In the first four churches you find the ecclesiastical order of things in the world dosing with Thyatira which goes on " till I come." Thyatira ends entirely the whole moral history of the church of God until Christ comes. Consequently, you get there both the kingdom and the heavenly part of the saints. " He that overcometh, and keepeth my works unto the end, to him will I give power over the nations: And he shall rule them with a rod of iron; as the vessels of a potter shall they be broken to shivers: even as I received of my Father." That is the kingdom according to the second Psalm.
" And I will give him the morning star "-that is Christ according to the New Testament.... As soon as he says "morning star" in Rev. 22:16, " The Spirit and the bride say, Come."
In the first four churches, when Christ is spoken of, it is in the terms by which He is described when among the golden candlesticks, but this is not the case in the latter three.
" He that hath the key of David," has no place in that which John saw in Christ in Rev. 1
But it is Christ's coming which is brought before us.
In Philadelphia we get, " I know thy works," but there is not a word said about them, the saints must be content to wait till the Lord comes.

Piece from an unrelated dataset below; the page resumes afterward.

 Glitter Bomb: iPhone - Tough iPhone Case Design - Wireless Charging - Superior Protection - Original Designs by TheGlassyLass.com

" Because thou hast kept the word of my patience," that was Christ's own path down here, and we are to walk in it now-now that we are at the end of a dispensation, which, as an outward system, has wholly departed from God.
Christ down here had none of the things that belonged to Him. As a man, He simply lived by every word of God. He did not take up the pretension of power, but He walked in obedience, and that is just our place. And mark, they should, consequently, be kept " from the hour of temptation, which shall come upon all the world, to try them that dwell upon the earth."

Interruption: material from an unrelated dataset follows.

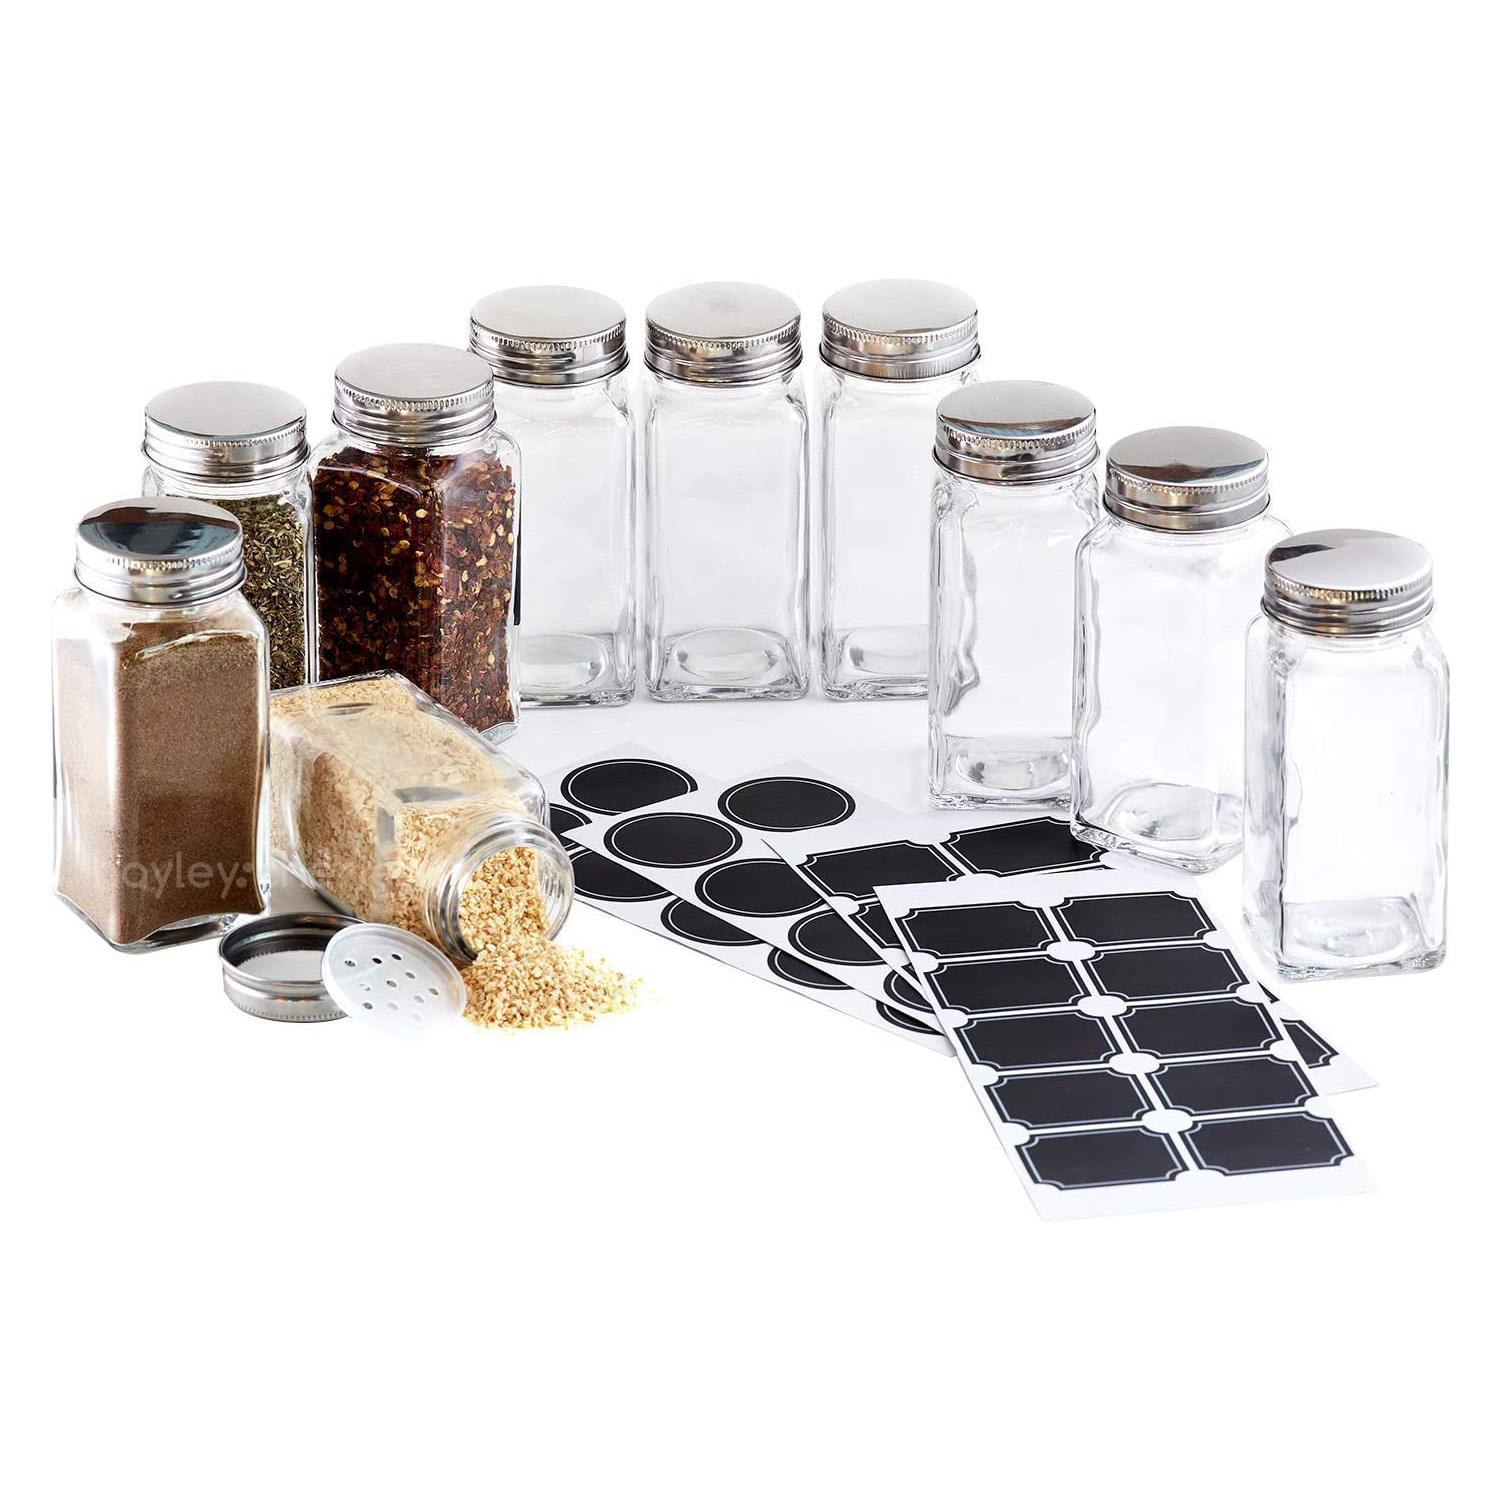 16 Pack 4 oz Glass Spice & Salts Jars Bottles, Clear Square Glass

At, and from, the very beginning, the Lord's coming was presented as the immediate expectation and hope of the believer; while in no case is the thought of the coming of Christ put beyond the life of those who were living then.

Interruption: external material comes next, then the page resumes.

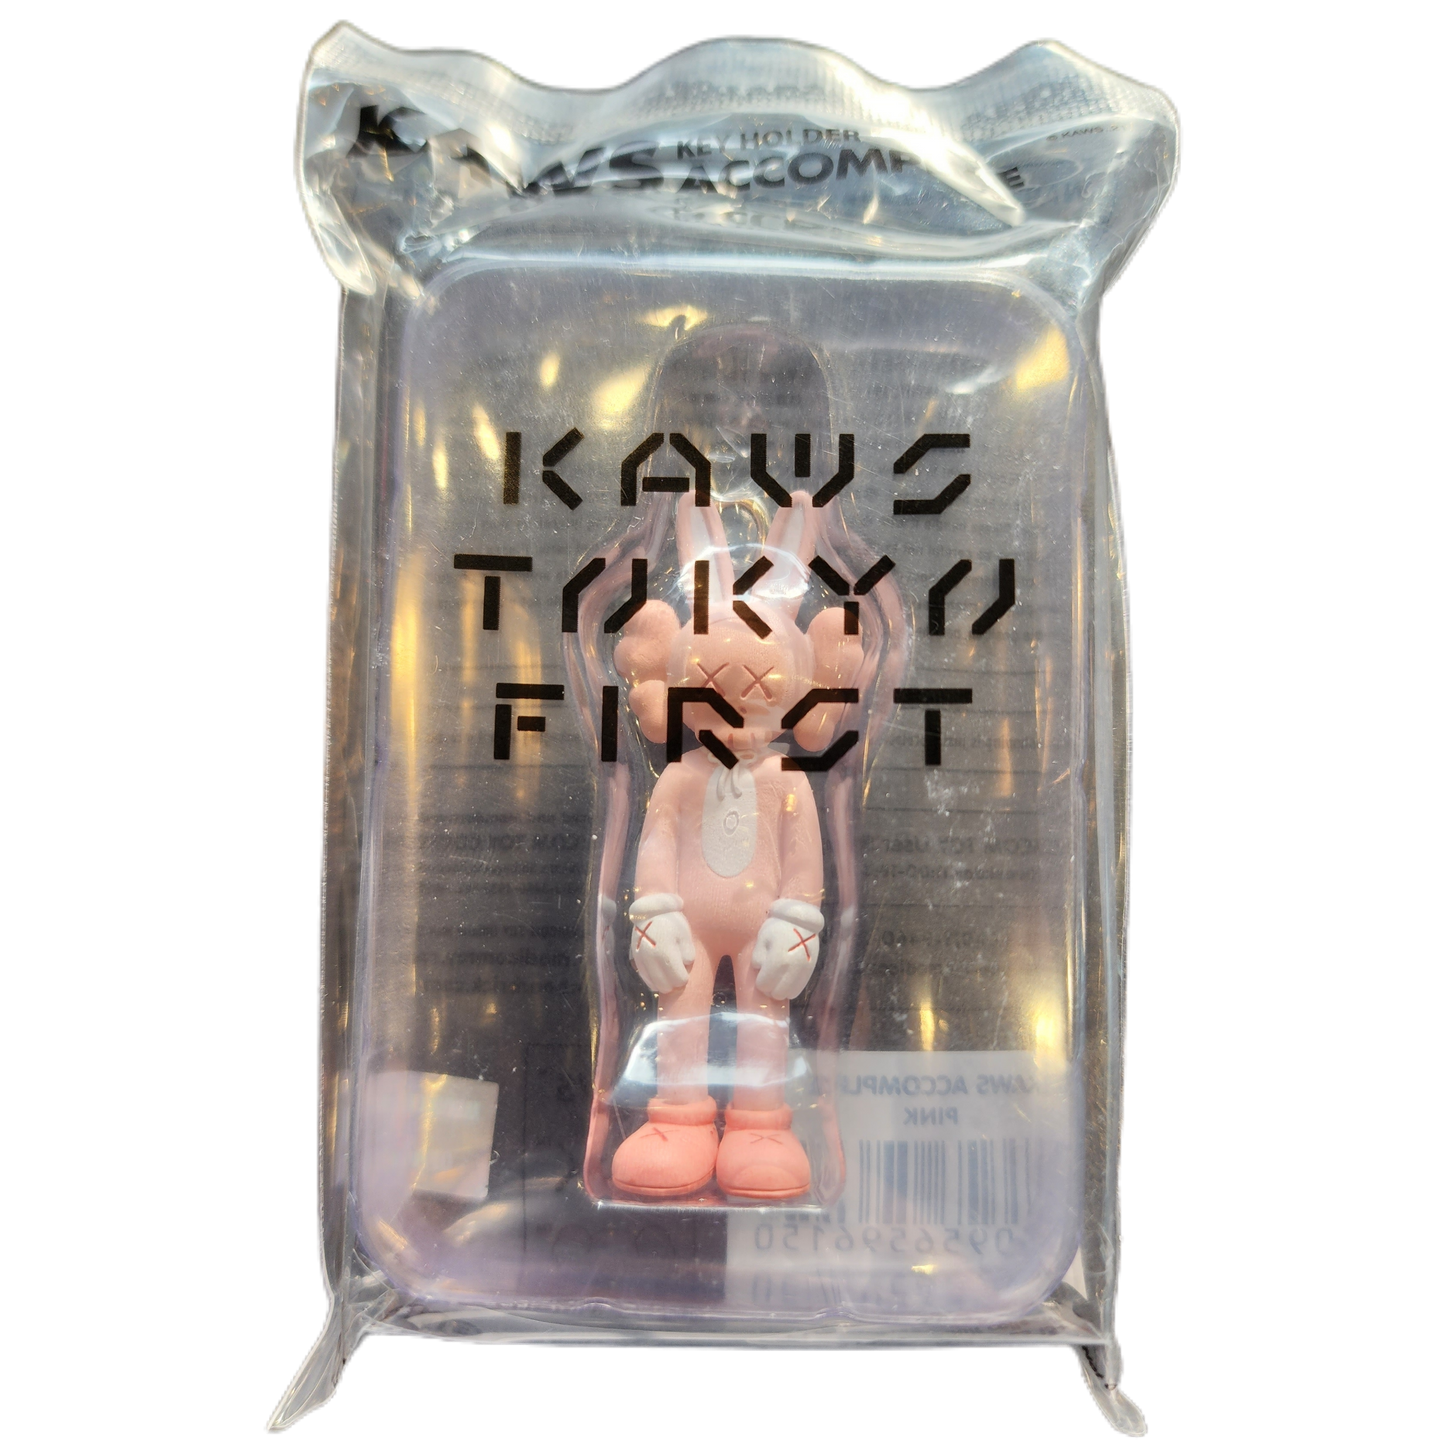 Kaws - "Tokyo First Accomplice" - Keychain

The history of the church is not given as a thing that is to continue, but it is all brought out in churches that then existed.
So, "the virgins" that go to sleep are the same as those who wake up.
Do not treat the Lord's coming as a matter of prophecy—prophecy concerns events in this world.
When once personal salvation is settled, then we delight in two things which are found in Scripture-the government of the world, and the sovereign grace which has taken poor sinners like us, and set us with Christ before God.
Prophecy concerns the first; but the sovereign grace which puts us poor creatures in the glory of the Son of God is a distinct thing. Christ will come and take us there, but (save in the lips of Christ Himself) you never find the "assembly" nor the rapture, except in Paul. (The mere name is used in 2 John.) Others speak of his appearing, but that has to do with the government of this world.
Ques. May I ask you for a word about "the hour of temptation"?
There is an hour of temptation coming upon the whole earth. I do not mean the special tribulation of Matt. 24, for that is Jewish, and Jeremiah calls it "Jacob's trouble," but, beside that, there is a time of trial which will pass over the whole world.
The " everlasting gospel " will announce that " the hour of his judgment is come," and God will not judge the nations of the earth until He has sent this message out to them.
Matthew gives you the judgment of the nations, according as "my brethren" have been received by them or not. That is here the only ground on which they will be judged.
Romans gives us the ground of the judgment of the heathen.
That is prophecy. It will be a time of trouble over the whole world, but those who are faithful to the word of Christ's patience will be kept from it, i.e., taken out of the way to the Lord.